They are written that way; the ones you give her are for what a guy would do for rocking a girl's socks off. The one for her to give you are for a girl to pleasure a guy. 

One a week (in a perfect world, lol).

Anyway, it's an actual invitation/envelope. Each one is different. You pick an evening (morning, whatever) and you write that on the invitation along with the location. The invitation tells her where to go and when, and what - if anything - she needs to bring with her. Meanwhile you set up the date. For instance, one for the girls included telling him to bring a can of whipped cream. Meanwhile, she was to get a bunch of fruit, cut it up, and string it on a string that she wraps around her...something. He shows up and that's all she has on. His job is to use the whipped cream as he chooses on pieces of fruit he wants to bite off the string, until he runs out of fruit. By then, he should be ready to partake of other 'fruit,' kwim?

I think that if you were to step up your game and do some of these things they would intrigue her, make you more valuable in her eyes, and ramp up your manly factor. And you are definitely missing out on that.

http://www.amazon.com/52-Invitation...=sr_1_1?s=books&ie=UTF8&qid=1318020233&sr=1-1


----------



## turnera (Jan 22, 2010)

okeydokie said:


> so she comes to bed naked but doesnt allow you to build up and even tells you that she just isnt in the mood, i find that to be extremely confusing


 Actually, speaking as a woman, it was strat who blew it here. Hour-long backrub? Who does that except a masseuse? Come in the room, turn off the lights, turn on some music, rub some oil on her back for about five minutes, start rubbing elsewhere, slowly turn her over to rub more somewhere 'else,' and when she's getting into it, proceed. 

There shouldn't even be speaking going on.


----------



## Sawney Beane (May 1, 2011)

turnera said:


> Actually, speaking as a woman, it was strat who blew it here. Hour-long backrub? Who does that except a masseuse? Come in the room, turn off the lights, turn on some music, rub some oil on her back for about five minutes, start rubbing elsewhere,


What happens when she says "No, just my back!" at this stage? Or if you then go back to her back, then re-escalate, she says "Are you deaf or stupid? I SAID just my back!"?



> slowly turn her over to rub more somewhere 'else,' and when she's getting into it, proceed.
> 
> There shouldn't even be speaking going on.


----------



## turnera (Jan 22, 2010)

Then you get off the bed, turn on the lights, turn off the music, put your clothes back on, and say 'I'm going out. I deserve better treatment than this, and I'm out of here.'

Then you leave and go hit the sports bar or call on some friends and put her out of your mind, and leave her there alone, wondering what just happened. 

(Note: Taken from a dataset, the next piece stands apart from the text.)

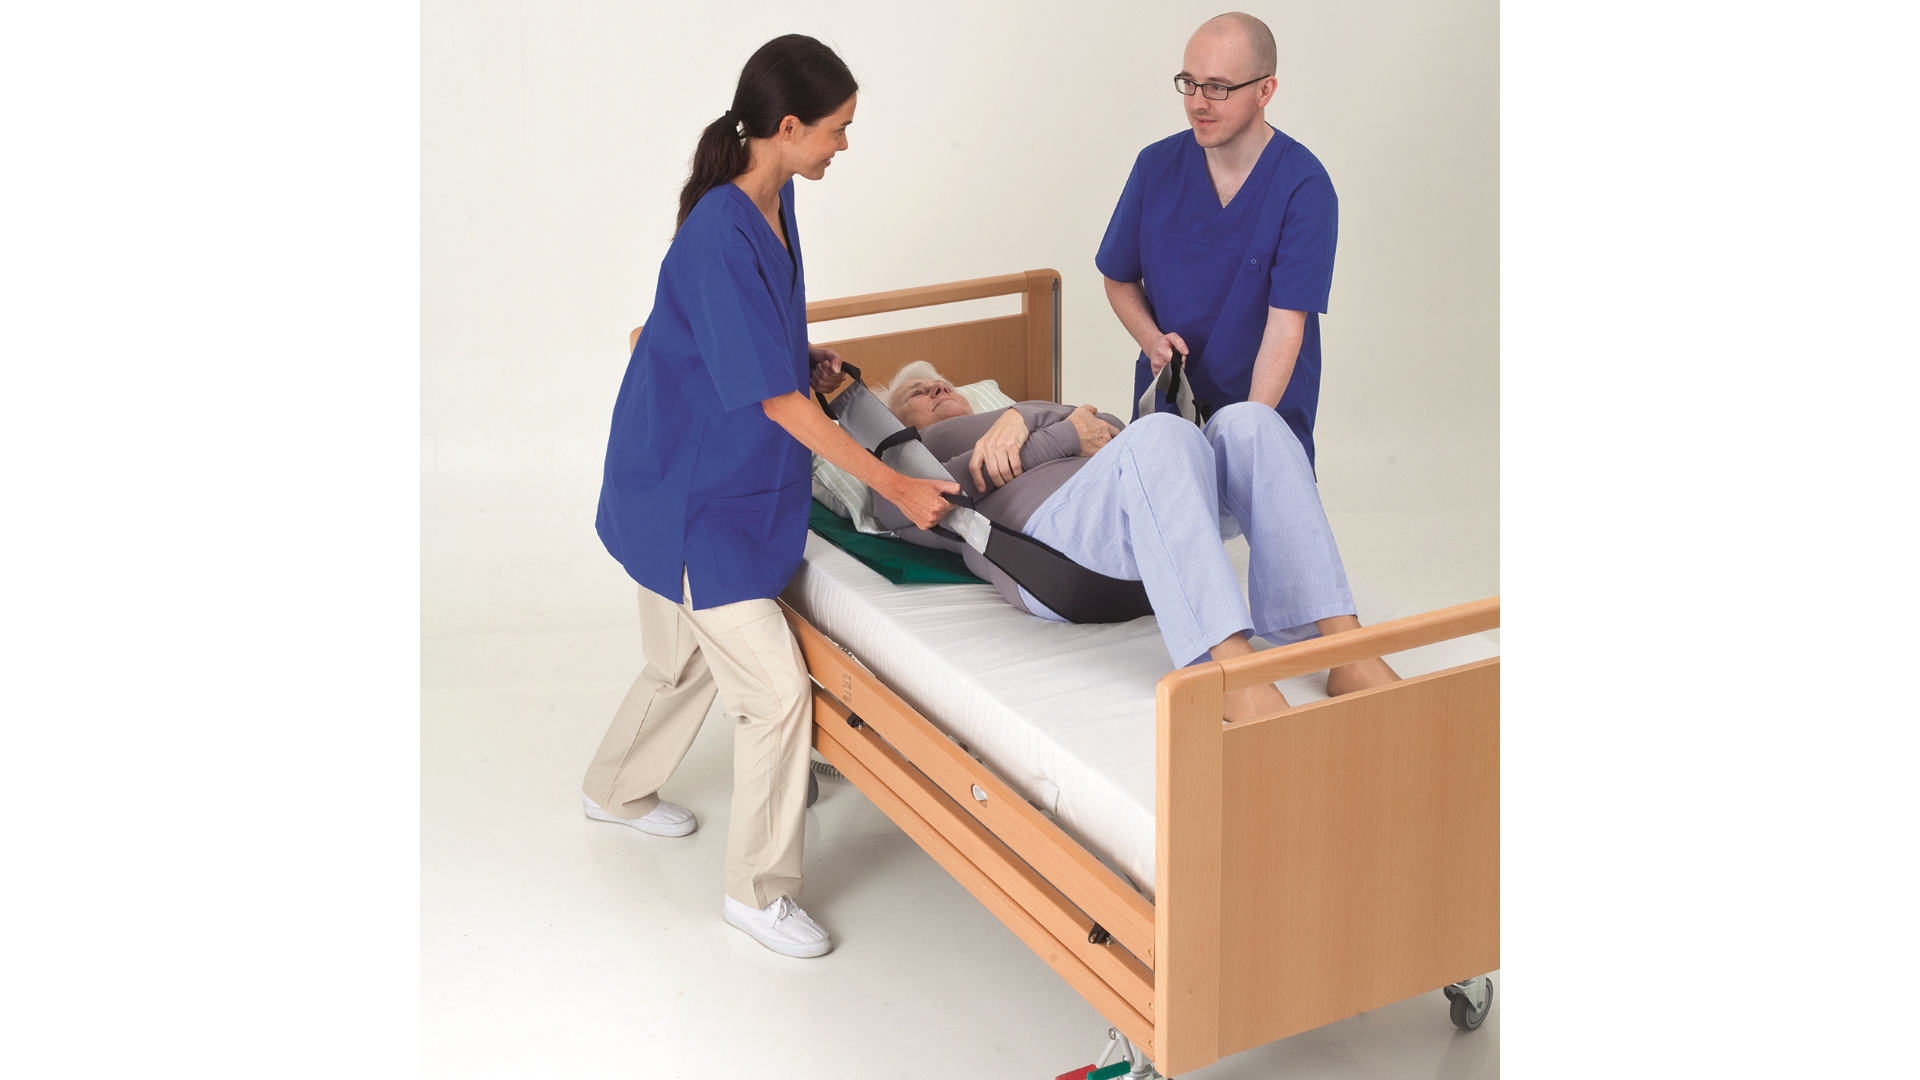 2 Pflegekräfte, männlich und weiblich, stehen auf je einer Bettseite und lagern einen Patienten mit einem Gurt um, der seitliche Griffe hat.

That's a consequence. Something his wife has never experienced, IMO.


----------



## Sawney Beane (May 1, 2011)

turnera said:


> Then you get off the bed, turn on the lights, turn off the music, put your clothes back on, and say 'I'm going out. I deserve better treatment than this, and I'm out of here.'
> 
> Then you leave and go hit the sports bar or call on some friends and put her out of your mind, and leave her there alone, wondering what just happened.
> 
> That's a consequence. Something his wife has never experienced, IMO.


So, a back massage is _never_ just a back massage? It's _always_ foreplay?


----------



## turnera (Jan 22, 2010)

She was naked. It wasn't supposed to be just a back massage.


----------



## Sawney Beane (May 1, 2011)

turnera said:


> She was naked. It wasn't supposed to be just a back massage.


She wants a back massage and doesn't want oil on her clothes.


----------



## turnera (Jan 22, 2010)

Why don't we ask strat; he was there. Was she inviting you for SF or not?


----------



## SadSamIAm (Oct 29, 2010)

If she only wanted a back rub, she would have had panties on. She also would have mentioned it to him.

My wife plays this game sometimes where she says, "just a back rub". But 80% of the time she ends up rubbing something of mine. This is great but I find it confusing sometimes, when she says back rub only and when I try for more (because 20% of the time she wants more) I get slapped. 

I have to learn that when she says back rub, she means back rub, unless she starts something. She is allowed to change her mind. Because she is a woman.


----------



## strat_guy (Sep 16, 2011)

In my case it was a back rub with benefits... that's often how we start, she really enjoys it and I don't mind doign this either but when she just stays there for like an hour not responding it doens't really help me get into it either...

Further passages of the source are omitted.